Our next concert is next Sunday, March 25th, at the Guildhall, Plymouth.
I usually recommend our concerts with a degree of enthusiasm to match the programme. I’m sorry to say that in this case I can only recommend half of the concert. One lovely work that’s well worth coming for, another that … isn’t.
The work I can enthusiastically recommend is Andrew Carter’s Benedicite. This is my first encounter with Carter’s music, and it’s been a delight! The work sets childishly simple religious words and has a certain aura of the nursery. But musically speaking it’s the deceptive simplicity of Peter and the Wolf or the Young Person’s Guide to the Orchestra, with a directness built on foundations that are sometimes far from simple. Indeed, the complexity of the rhythms make this rather challenging to sing, most notably where different performers’ rhythms cut across each other. But to hear it you’d think it was all very simple and effortless, even when that little “waltz” tune is really in 5/4! And it’s easy to overlook the naffness of the words when the music is so evocative as, for example, the brittle coldness of “snow and ice”.
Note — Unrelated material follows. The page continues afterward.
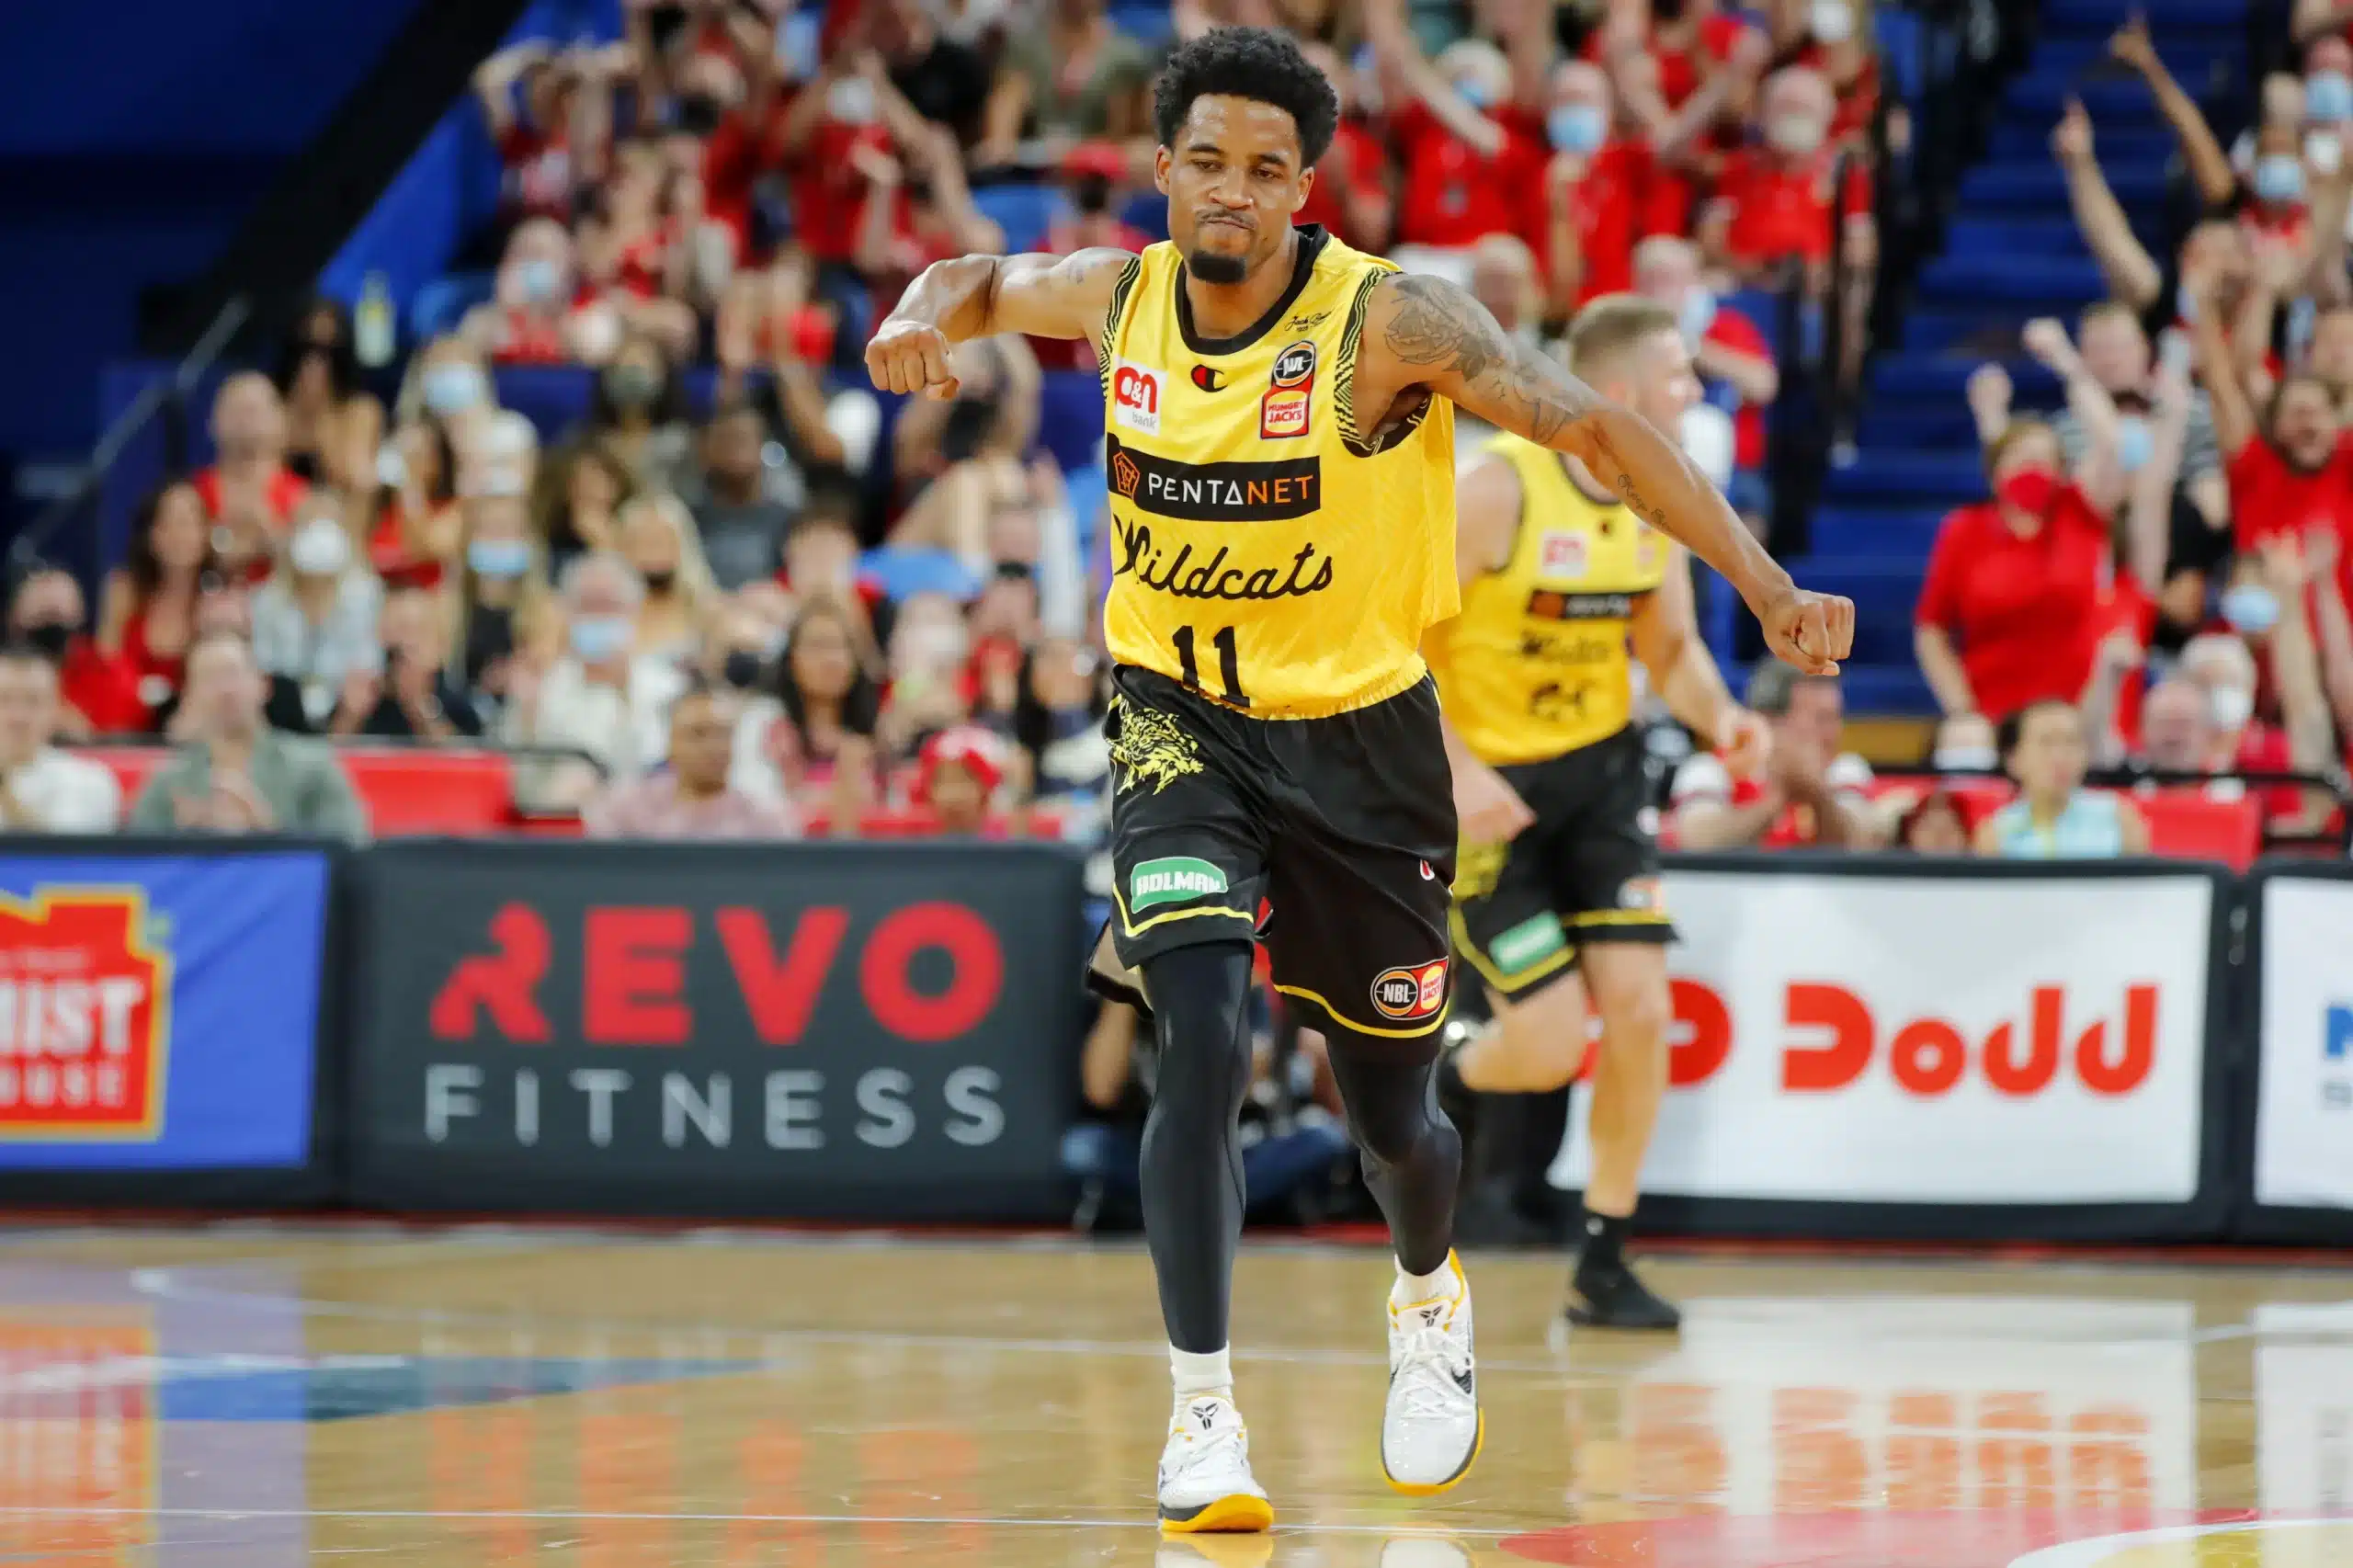 PERTH, AUSTRALIA - APRIL 16: Bryce Cotton of the Wildcats celebrates after making a three point shot during the round 20 NBL match between Perth Wildcats and Cairns Taipans at RAC Arena on April 16, 2022, in Perth, Australia. (Photo by James Worsfold/Getty Images)
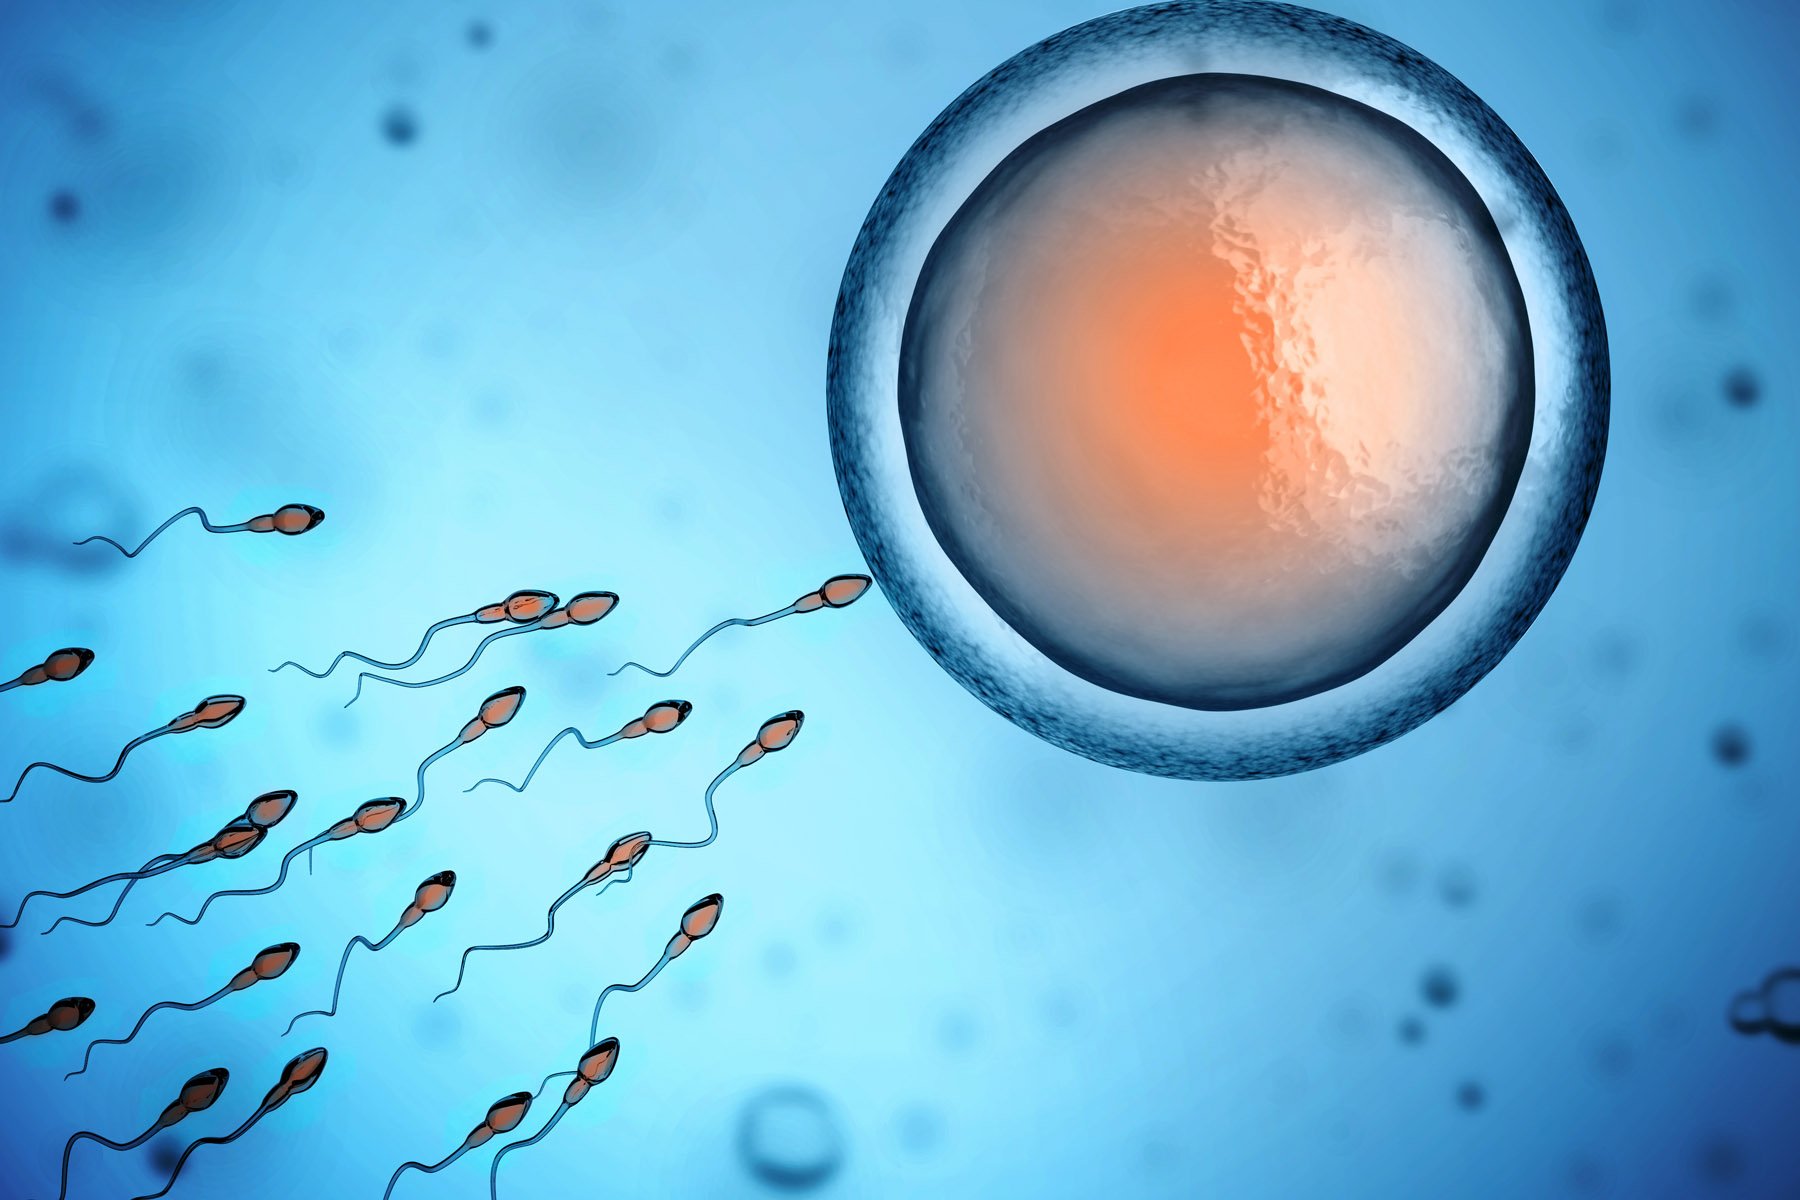 sperm, Abstraction, Abstract, Bokeh, Life, Sex, Sexual, Medical, Dna, Male, Man, Men, 1sperm, Mating, Psychedelic, Egg, Cell, Eggs, Swim, Swimming, Vector Wallpaper

Unfortunately the other work is the longer, and frankly makes the Victorian hymns we used to suffer in school assembly sound positively inspiring by contrast. Carl Jenkins is surely the archetypal product of a music “industry” that decided it wanted a genre to call “classical” by virtue of using classical forces, but over which it could exercise intellectual property rights. Jenkins’s muzak (a requiem) is so dreary as to make an hour in B&Q seem preferable: at least there one might be inspired to buy something to improve ones home. Where there is a flicker of interest it’s utterly derivative: the first movement is the most interesting, but that’s because it’s drawn from the Fauré – echos of which recur later. Elsewhere Jenkins even manages to dumb down Lloyd Webber’s Pie Jesu.
Given two such contrasting works, I leave it to those readers within evening-out distance of Plymouth to decide whether to read this as a recommendation.